Hence, it is concluded from the probe arrangement role investigation that cases 2 and 3 exhibit a decently high detectable sensitivity with minimum coverage surface density (35% and 20%, respectively) owing to proper placement of hybridized probe and target pairs leading to the formation of a powerful coupling at tunnel junction of the SGS-DM-TFET biosensor. This trade-off between coverage surface density of biomolecule and positioning the hybridized probes inside the cavity causes the SGS-DM-TFET biosensor to get a capability to effectively sense the biological samples with minimum surface coverage density applicable in biomedical applications.

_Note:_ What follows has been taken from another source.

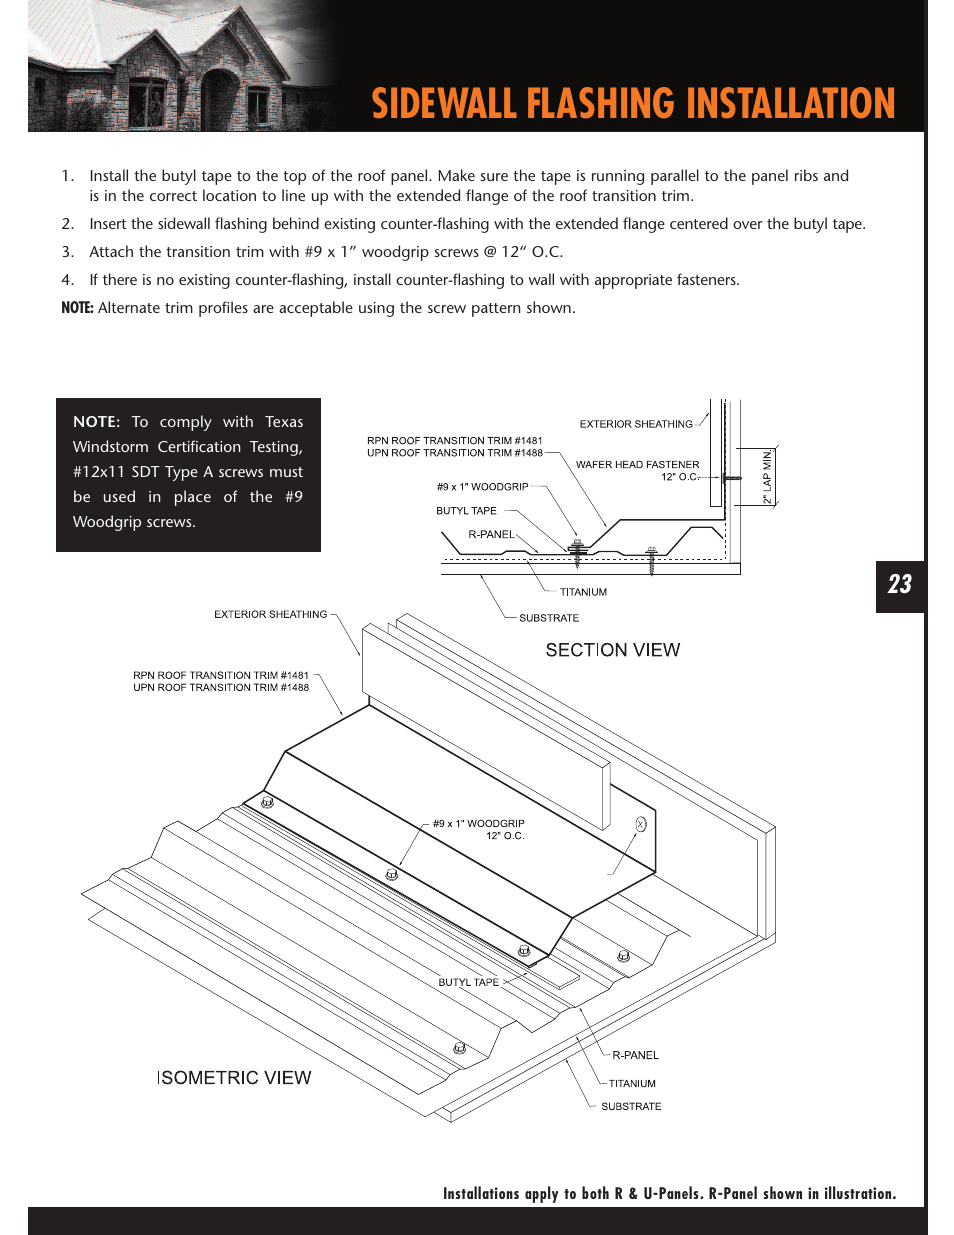 Sidewall flashing installation mueller u panel user manual sidewall flashing installation mueller u panel user manual page 23 28 1betcityfo Choice Image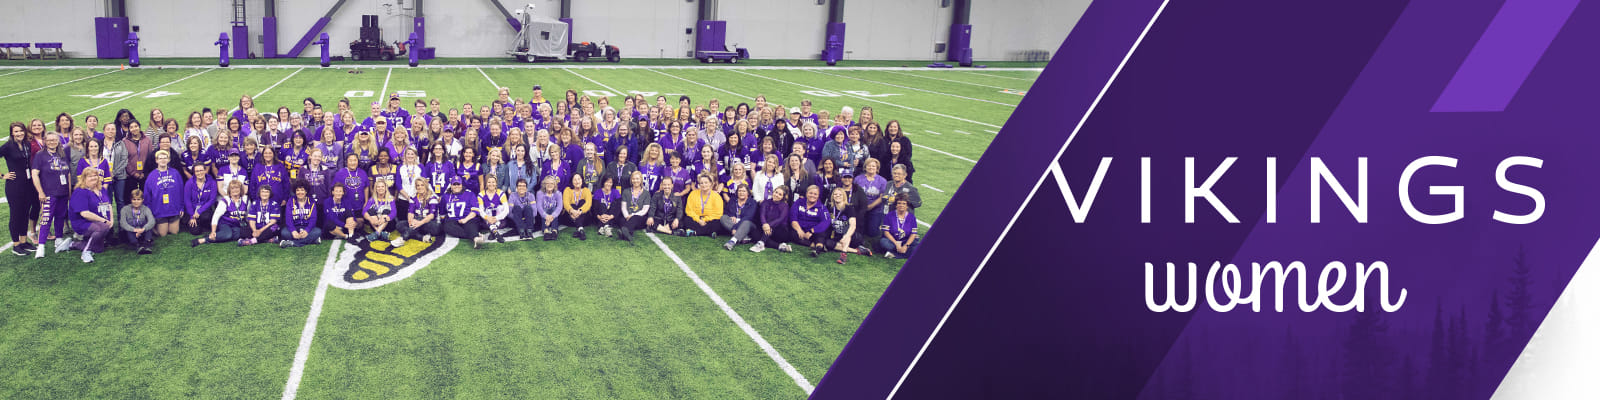 Vikings Women Home   Minnesota Vikings – vikings com

The consideration of the asymmetry between the top cavity and back cavity in terms of nanogap filling can be a matter for further investigations in order to consider more complex biosensing scenarios. From optimization point of view, metaheuristic optimization techniques (e.g., genetic algorithms, particle swarm optimization, ant colony optimization, …etc.) [25] can be used in conjunction with the simulator to find the optimal values of physical, electrical, and geometrical TFET parameters that lead to the extremely best sensitivity and scaling capability for high-performance label-free biosensing applications.

6 Conclusion

The paper has extensively addressed process-related and real-time-related issues of the novel SGS-DM-TFET biosensor structure so as to investigate the vital sensing performance. The variation during the biosensor fabrication (change in the nanogap civility length), modifications during sensitivity evaluation (PH of biomolecules caused by atomic obstacles), and positioning the hybridized probe-target pairs in discrete places inside the nanogap cavity have been studied for the mentioned biosensor under dry ambient conditions. The extracted sensitivity which is one of the main parameters for evaluation of the sensing performance for the streptavidin–biotin binding system as a specific biomolecule showed that the SGS-DM-TFET biosensor can be implemented in the practical conditions without significant degradation on the sensing performance resulting in keeping the reliability. It has been observed from the explored results that the existence of biomolecule samples even at the small area inside the nanogap cavity can successfully modulate the channel electrostatic resulting in desirable and detectable sensitivity and also makes the biosensor more scalable. Also, the investigations explored that the charged biomolecules cannot influence on the sensing performance of the biosensor resulting in the mitigated sensitivity variation which is very favorable. The arrangement of probes inside the cavity (exploring case 2 and case 3 as an optimum select) revealed that the biosensor can reach an optimum and detectable sensitivity with the small amounts of biological samples which are proper for cost-effective biomedical diagnostics tools development.